Conditions: Topical and Infiltration Anesthetic Toxicity
Anesthesia, Local
Photodamaged Skin

Interventions: Drug: 7.5 g lidocaine 2.5%/ prilocaine 2.5% cream with occlusion
Drug: 2.5 g of lidocaine 23% / tetracaine 7% ointment without occlusion

Brief Summary: The purpose of this study is to determine the efficacy of lidocaine 2.5%/prilocaine 2.5% cream versus lidocaine 23%/tetracaine 7% ointment for topical anesthesia prior to a nonablative laser procedure.

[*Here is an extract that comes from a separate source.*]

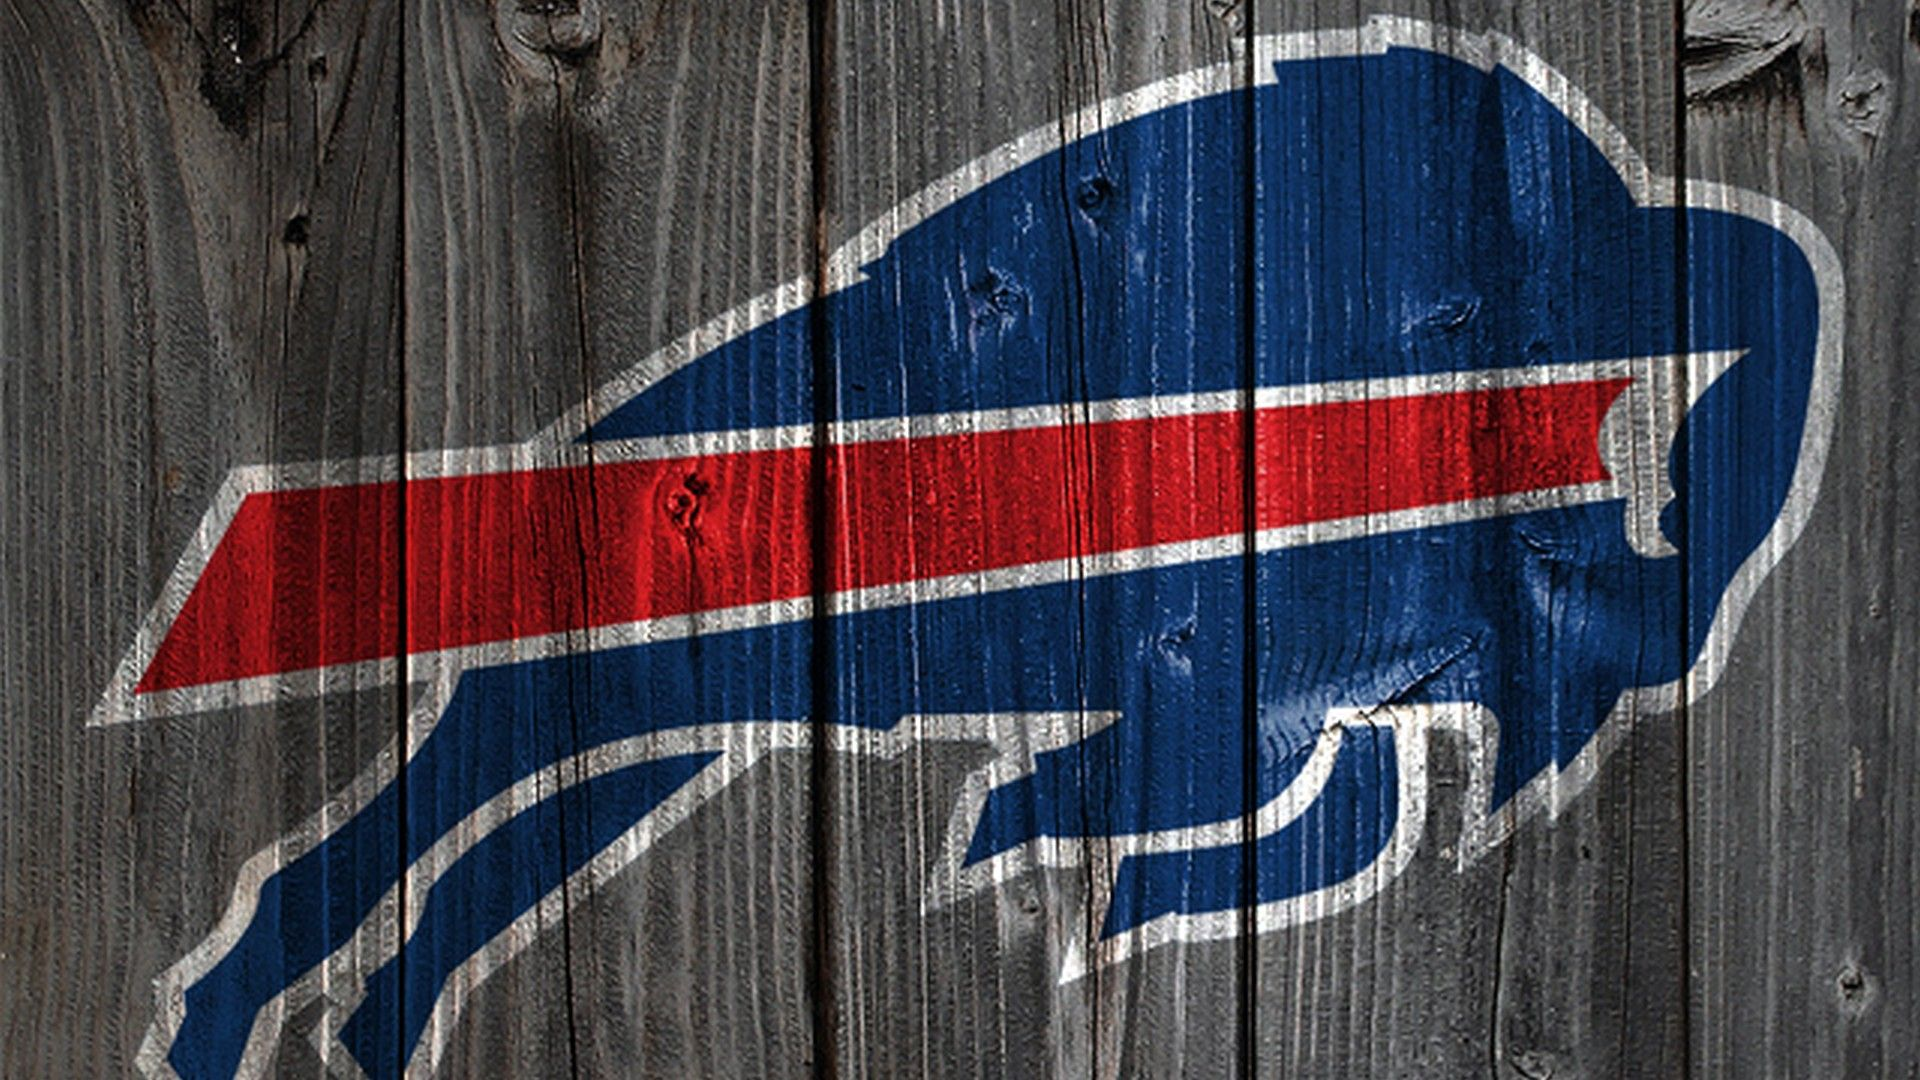 Buffalo Bills Wallpaper 2021 Nfl Football Wallpapers Buffalo Bills Nfl Football Wallpaper Buffalo Bills Stuff

Detailed Description: Lidocaine 23% / tetracaine 7% ointment and lidocaine 2.5%/ prilocaine 2.5% cream are both topical anesthetics that are used commonly to locally anesthetize the skin prior to laser procedures. With the increased use of powerful lasers for medical and cosmetic purposes, adequate pain control is necessary. This study will compare the efficacy of lidocaine 23% / tetracaine 7% ointment and lidocaine 2.5%/ prilocaine 2.5% cream in reducing self-reported pain after laser treatment. It will also aim to determine the amount of redness, burning and itching a patient experiences with each cream, and if any symptoms of lidocaine toxicity are experienced.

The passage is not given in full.